A: For now, I am only focusing on my dual PS-2. I think the placement criteria got a bit more rigid this year. So I don’t believe that I would get a chance to appear for a few companies. 

  1. Do you have any suggestions for your juniors appearing for the SI cycle this year or would be appearing for it in a year from now?

A: Summer Internship is just a good platform for developing your coding skills from the perspective of IT placements. Even if you don’t get an SI. It doesn’t matter. It just makes you realize the pattern of questions that are being asked by companies. I think that the interview process is fundamental for an individual to get during the summer intern. Because it helps to calm your nerves when you will be sitting for placements, those interview experiences are something that everybody should get before placements because it will help you get to know about the placement interview atmosphere. So preparing for an SI will always be helpful for your placements.

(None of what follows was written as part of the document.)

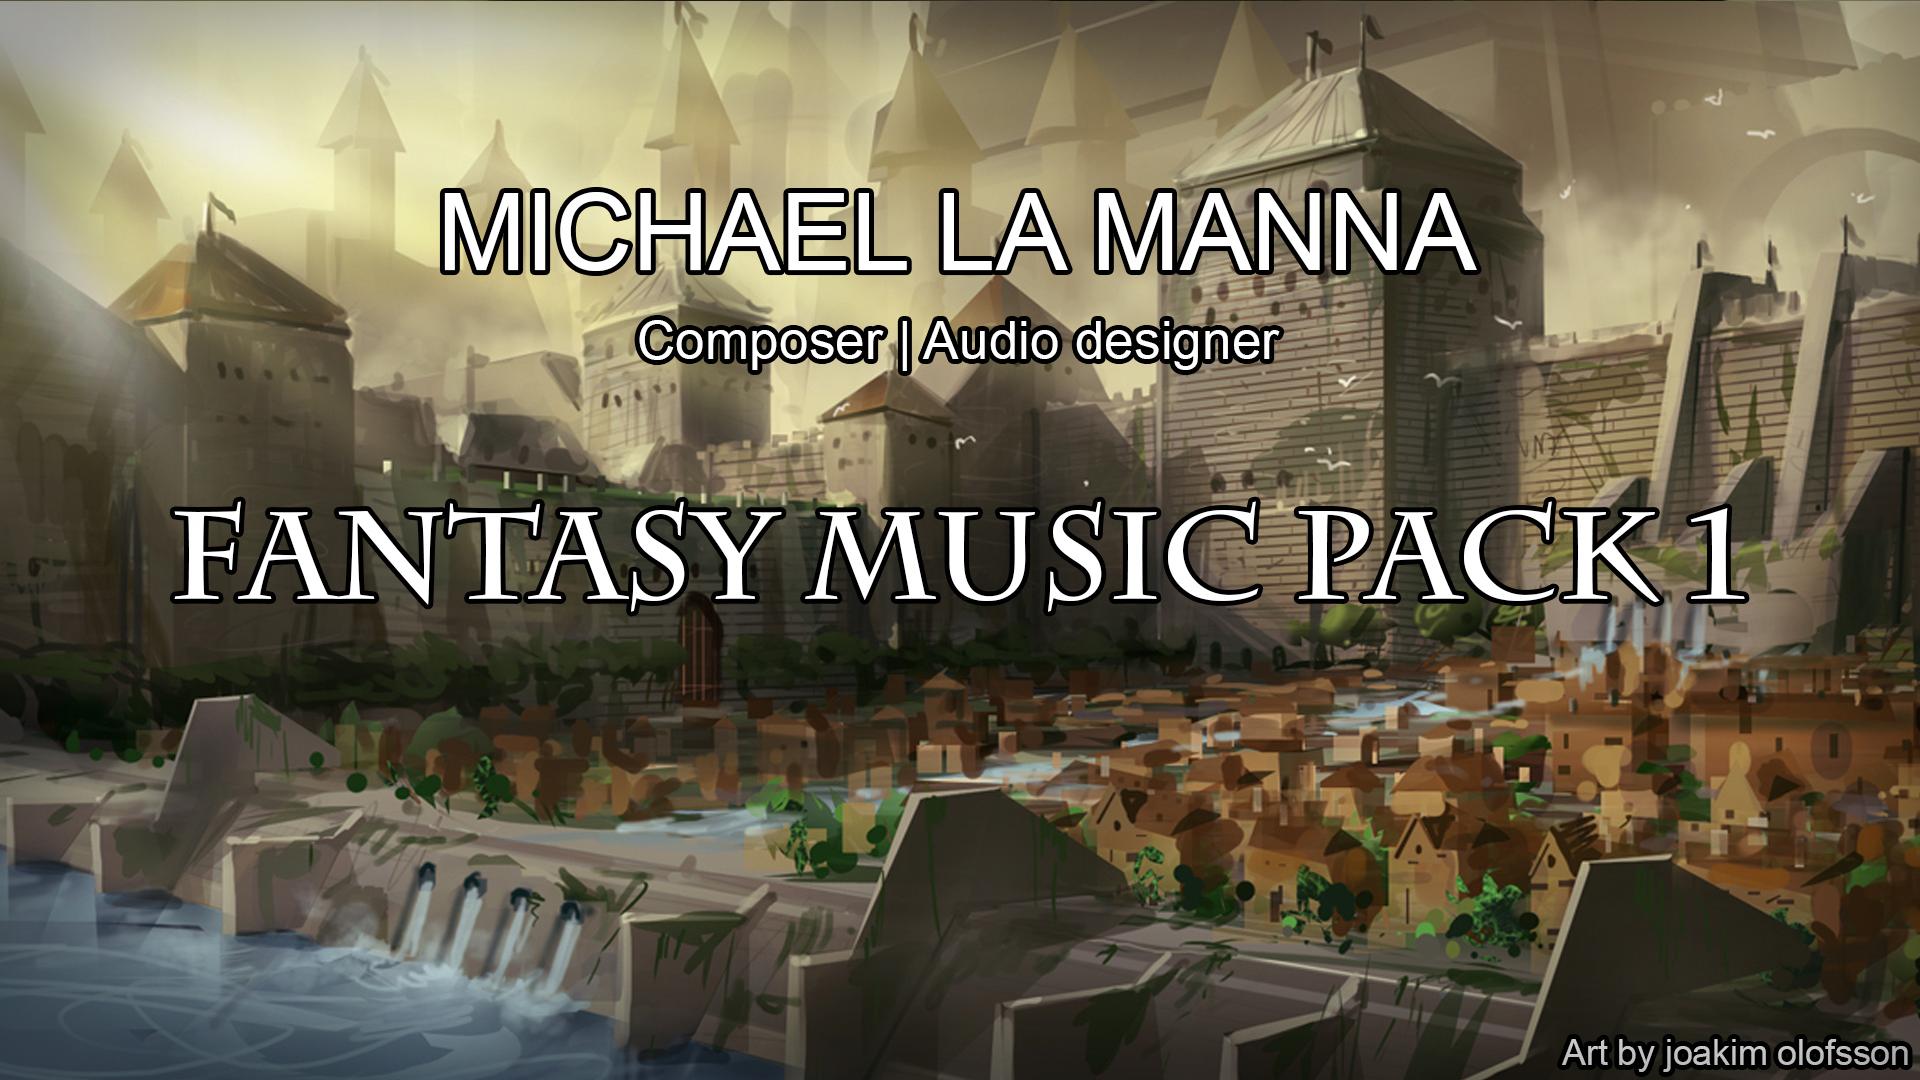 Fantasy Music Pack 1

Spend as much time on InterviewBit as possible. I would usually spend it looking at the solutions to questions. Then, apply it, and then gain that knowledge to use it in the next question. This cycle would go on because I couldn’t do most of the questions on my own. But I can assure you that once you solve and get to know its solutions, I think your coding skills will indeed develop. It would be a challenging and frustrating process. I have told many of my juniors that they have asked me, and they would always get frustrated that they aren’t able to do any questions. But it’s the same process for everyone literally because mostly no one can do those questions initially. Just get to know the solutions and remember those solutions to the solution’s approach and how it is usually solved. And try to apply that in a similar type of question in the next attempt. I think it is helpful that you get to know the solutions to the problems if you’re not able to solve it.